Consistently assuming the victim posture, Mr. Shoemaker contended that the special master’s adjustments of Dr. Geier’s fees constituted an “attack” on his longtime colleague. He described the court’s reduction of Dr. Poser’s fee as “evidence that this entire fee decision was designed to punish Petitioners, their counsel and their experts.” He argued that “the special master was preparing to attack Dr. Pretorius’ testimony even before he heard it.” He complained that the court was “penalizing” him for “doing the normal, reasonable and prudent thing” by retaining Mr. Wolf. He asserted that the special master’s award to Dr. Knast was “absurd,” and that the award to Dr. Condoluci was “a ridiculously low amount,” disregarding his own failure “to provide documentation to support a different outcome.” He insisted that Dr. Greenspan’s insights were “critically important” and “invaluable,” even though much of his work was duplicative and could have been competently performed by a paralegal.

Defending his demand for compensation for two unidentified “experts” who neither testified nor submitted reports, Mr. Shoemaker asserted that his word should be considered as good as judicial gold:

“When counsel… represents to the Court that he has expended these funds in the furtherance of his client’s case, then his word, as an officer of the Court, should be sufficient… [There is] a real need to protect these doctors from unnecessary exposure in the event that they are not, in fact, called upon to prepare a report or testify.”

These arguments did not avail Mr. Shoemaker or his bevy of colleagues, recruited with apparent certainty that every demand would be paid from the public fisc. In her only increases to the award originally granted by Special Master Moran, Judge Hewitt corrected an error in his calculation of expert witness fees, and raised the rate for Israeli immunologist Dr. Yehuda Shoenfeld from $300 to $350 per hour. The final bottom line over and above the award of $103,000.00 paid to the petitioner in Sabella v. HHS was $62,897.50 for attorneys’ fees and $24,637.28 for costs. Given that 42 U.S.C. § 300aa-15(e)(3) prohibits attorneys from charging petitioners for fees or costs in excess of the amount awarded by the court, one can only guess whether those individuals whose services were judged to be unnecessary or overvalued will seek alternate means to recover their anticipated rewards.

Comments


  1. That deduction for ad hominem attacks gave me quite a chuckle. So well deserved!

    abfh    2009-03-21 14:11    #

  2. “Consistently assuming the victim posture, Mr. Shoemaker contended that the special master’s adjustments of Dr. Geier’s fees constituted an “attack” on his longtime colleague.”
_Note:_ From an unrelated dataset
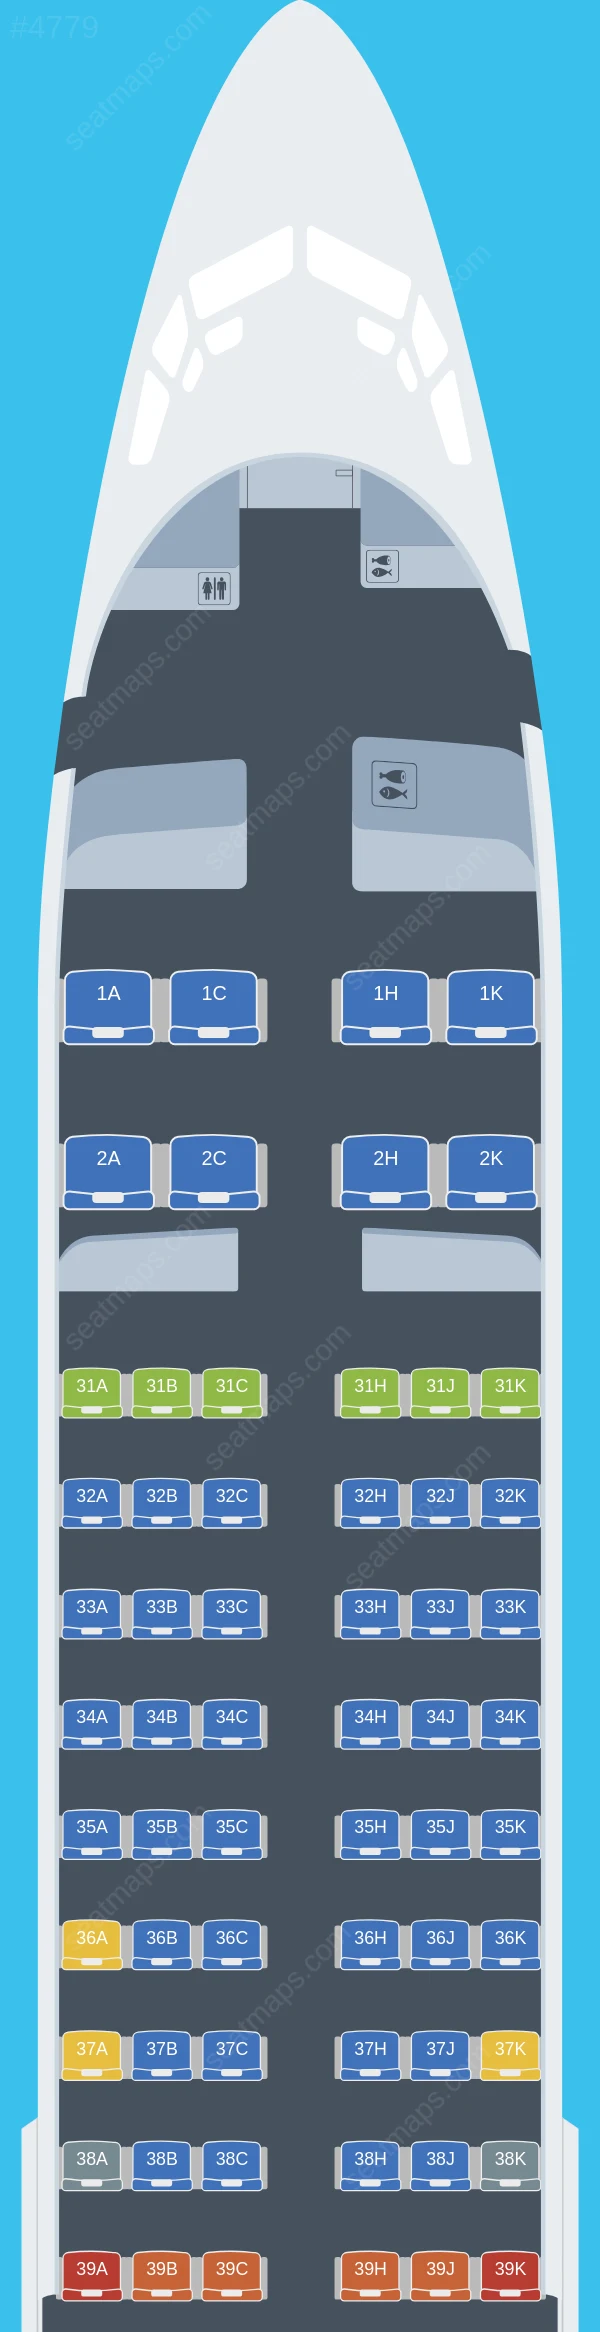 Grand China Air Boeing 737-800 seatmap preview

    Sounds like he’s finally starting to understand. The jig is up, Cliffie, go chase an ambulance. If you keep sucking at the public’s tit, it’s gonna turn sour on you.

    — Clay    2009-03-21 15:37    #

  3. I love this guy. If he is from Vienna, VA, does this mean he has some kind of tie-up with that crazy Barbara Fisher? I suspect that’s how he has turned this autism thing into cash.

    — Richard Taylor    2009-03-23 14:27    #

  4. Yes, Mr. Shoemaker is on the board of the National Vaccine Information Center.

    It pays to stir the pot.

    Kathleen Seidel    2009-03-23 14:40    #

  5. Shoemaker is shameless! It’s breathtaking. I’m glad to see a little restraint placed on his cash grab.